Some Women Need More Medications Than Men
Researchers report that women have a greater burden of hypertension than their male counterparts and they receive more aggressive treatment for it, yet they obtain no better blood pressure control.
In addition, the researchers say that the impact of hypertension on mortality or recurrent cardiac events was similar between men and women.
Reporting their findings at the annual scientific session of the American Heart Association, the Duke University scientists say there are great opportunities to improve medical therapy and outcomes in women.
Cardiologist Kristin Newby, of the Duke Clinical Research Institute, wanted to know how the prevalence and treatment of hypertension varied between the sexes in patients who came to the hospital with an acute coronary syndrome (ACS). ACS refers to a sudden and severe heart condition resulting from a clot narrowing or blocking a coronary artery that requires aggressive treatment but may not have developed into a full-blown heart attack. When a patient with sudden onset of chest pain arrives in the hospital, the physician must quickly determine whether the symptoms are due to unstable angina or a frank heart attack.
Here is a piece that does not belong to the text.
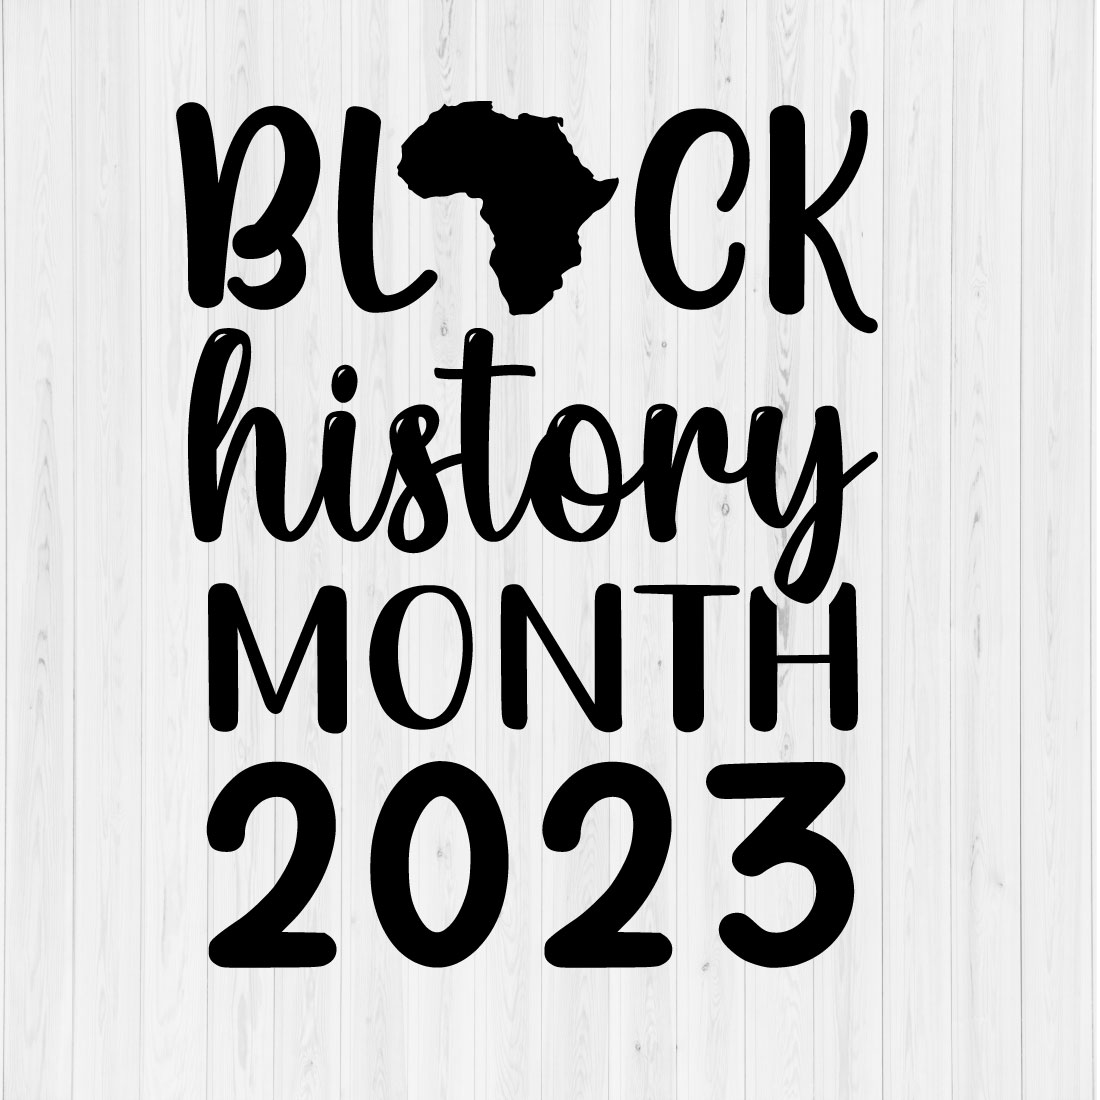 Black History Month 2023 preview image.

Hypertension is an independent risk factor for death or further cardiac events after ACS, Dr. Newby explains. But when you adjust for factors such as age, kidney function, diabetes, or other heart problems, the risks turn out to be about the same.
"The difference in outcomes does not appear to be due totally to gender, but at least in part to these and other factors," Dr. Newby says.
Dr. Franz Messerli of the Ochsner Clinic Foundation Hospital in New Orleans, says, "It's harder for women to get to the goals [normal blood pressure readings], but despite that, women do remarkably well."
An encouraging finding, Dr. Messerli says, is that even though women received intense antihypertensive therapy and were not as well-controlled as men, "their outcomes are about the same."
Researchers Look at Data from Earlier Studies
To conduct the study, Dr. Newby consulted data gathered from two related international trials - SYMPHONY and 2nd SYMPHONY (Sibrafabin vs. aspirin to yield maximum protection from ischemic heart events post-acute coronary syndromes)
While these trials were designed to compare the effectiveness of aspirin to a new class of drugs that dissolves blood clots, researchers at the 931 participating centers also collected data on each patient's medication history and outcomes.
Dr. Newby's analysis included 2,091 women and 5,084 men enrolled in the SYMPHONY trials in the US. She found that 63 percent of women had hypertension, compared to 50 percent of the men. The women with hypertension tended to be older, had reduced kidney function, and more often had diabetes and a history of heart failure when compared to men.
However, women had fewer previous heart attacks or invasive procedures to improve blood flow to the heart.
"What we found so interesting was that women received more and different agents to reduce blood pressure than did the men," Dr. Newby said. "What is confusing is that this difference in the number of drugs to control hypertension still did not have any significant effect, when compared to the men."
The classes of medications used most often to control blood pressure were ACE inhibitors, beta-blockers, calcium channel blockers, and diuretics.
Specifically, 16 percent of the women required three different medications to control hypertension, compared to 13 percent for men. Almost 35 percent of women received two different medications, compared to 30 percent for men.
Only one type of medication, diuretics, appeared to be prescribed to women more often than to men - 33 percent in women compared to 19 percent in men.
"While women were more likely to get multi-drug treatments, they still had higher blood pressures," Dr. Newby says. Systolic pressure was 150 millimeters of mercury (mmHg) at presentation in women and 147 mmHg in men, she reports.
Even after treatment for the ACS, blood pressure remained higher in women (126 mmHg vs. 124 mmHg in men).
Finding Best Treatment for Women a Goal
"Thus, it is not clear if women are not getting the right medicines, are getting them in the wrong doses, or if other factors are responsible for the need for more medications in women to attain similar control," Dr. Newby says.
Dr. Newby says that physicians need to be aggressive in treating hypertension, whether their patients are male or female. She added that awareness of the disease, both on the part of physicians and patients, is important to reducing the prevalence of hypertension and therefore reduce the risk for heart attacks.
"Hypertension is often forgotten about, a silent disease," she says. "Awareness may be the key, since the disease itself does not make patients feel bad. A lack of awareness affects compliance with medications, going to the doctor for check-ups, eating healthful meals, all those things that are helpful in keeping hypertension in control."
Always consult your physician for a diagnosis.